- Film poster by Bob Peak
- Directed by: Don Siegel
- Screenplay by: Albert Maltz (as John B. Sherry); Irene Kamp (as Grimes Grice);
- Based on: The Beguiled (1966 novel) by Thomas P. Cullinan
- Produced by: Don Siegel
- Starring: Clint Eastwood; Geraldine Page; Elizabeth Hartman;
- Cinematography: Bruce Surtees
- Edited by: Carl Pingitore
- Music by: Lalo Schifrin
- Production company: The Malpaso Company
- Distributed by: Universal Pictures
- Release date: May 28, 1971;
- Running time: 105 minutes
- Country: United States
- Language: English
- Box office: $1.1 million

= The Beguiled (1971 film) =

1971 film by Don Siegel

The Beguiled is a 1971 American Southern Gothic psychological thriller film directed and produced by Don Siegel, and starring Clint Eastwood, Geraldine Page and Elizabeth Hartman. Based on Thomas P. Cullinan's 1966 novel, the film is set during the Civil War and follows a wounded Union soldier (Eastwood) who is reluctantly taken into care at a girls' school in Confederate territory.
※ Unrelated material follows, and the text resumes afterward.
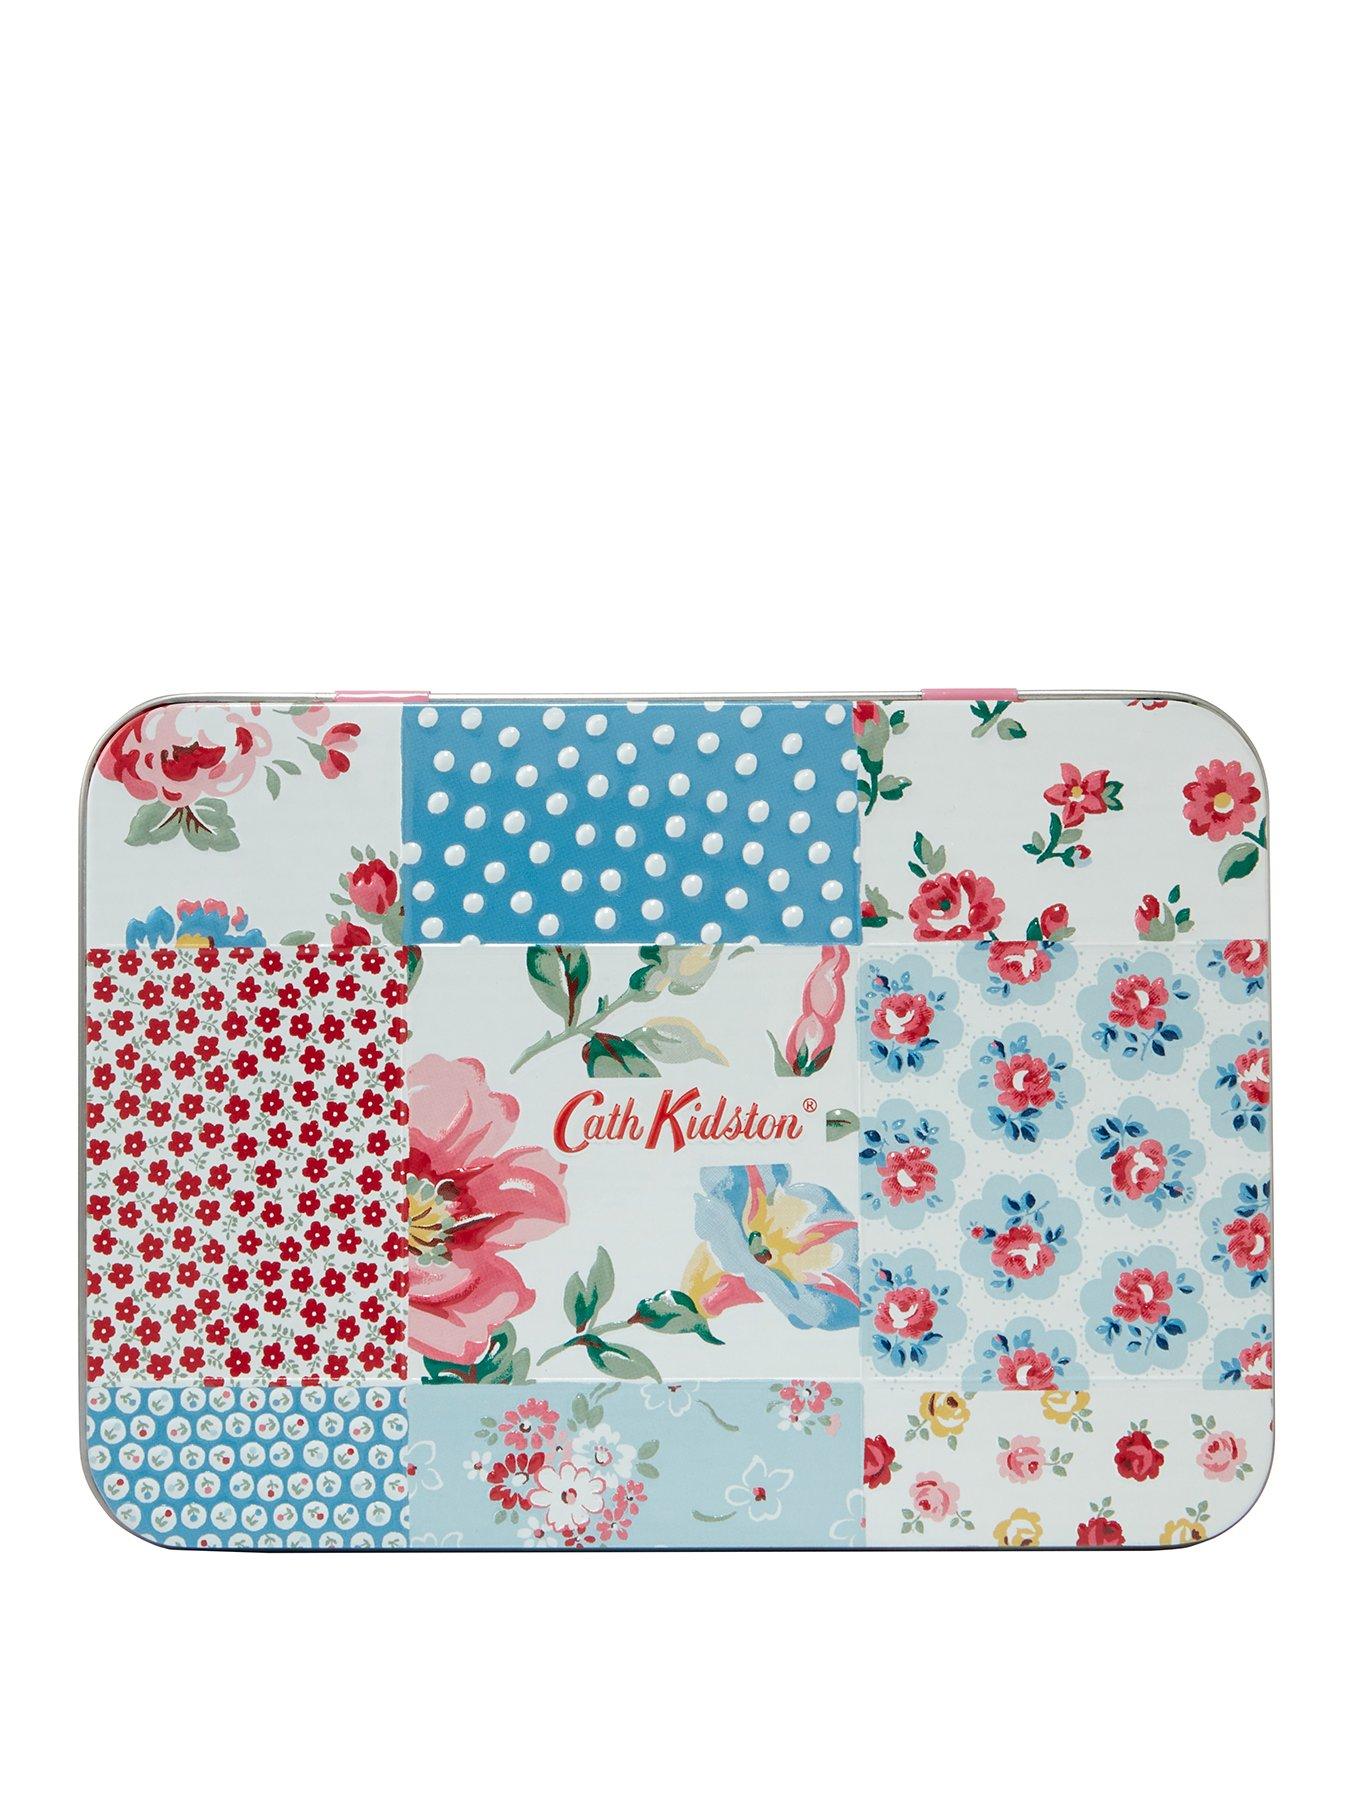 cath kidston gifts for her

The film marks the third of five collaborations between Siegel and Eastwood, following Coogan's Bluff (1968) and Two Mules for Sister Sara (1970), and continuing with Dirty Harry (1971) and Escape from Alcatraz (1979).

The Beguiled was released by Universal Pictures on May 28, 1971. Initial critical reception was polarized and the film was a commercial disappointment, but retrospective reviews have been much more positive. Quentin Tarantino called it "the closest Siegel ever came to making an art film."

==Plot==
During the American Civil War in 1863, Amy, a 12-year-old student at the Miss Martha Farnsworth Seminary for Young Ladies in rural Mississippi, discovers a seriously wounded Union soldier, John McBurney. She brings him to the school's gated enclosure where the school headmistress, Martha Farnsworth, first insists on turning him over to Confederate troops, but then decides to restore him to health first. He is initially kept locked in the school's music room and kept under watch. Edwina, the 22-year-old schoolteacher who has had no experience with men, takes an immediate liking to John, as does Carol, a 17-year-old student who makes advances with an experienced air.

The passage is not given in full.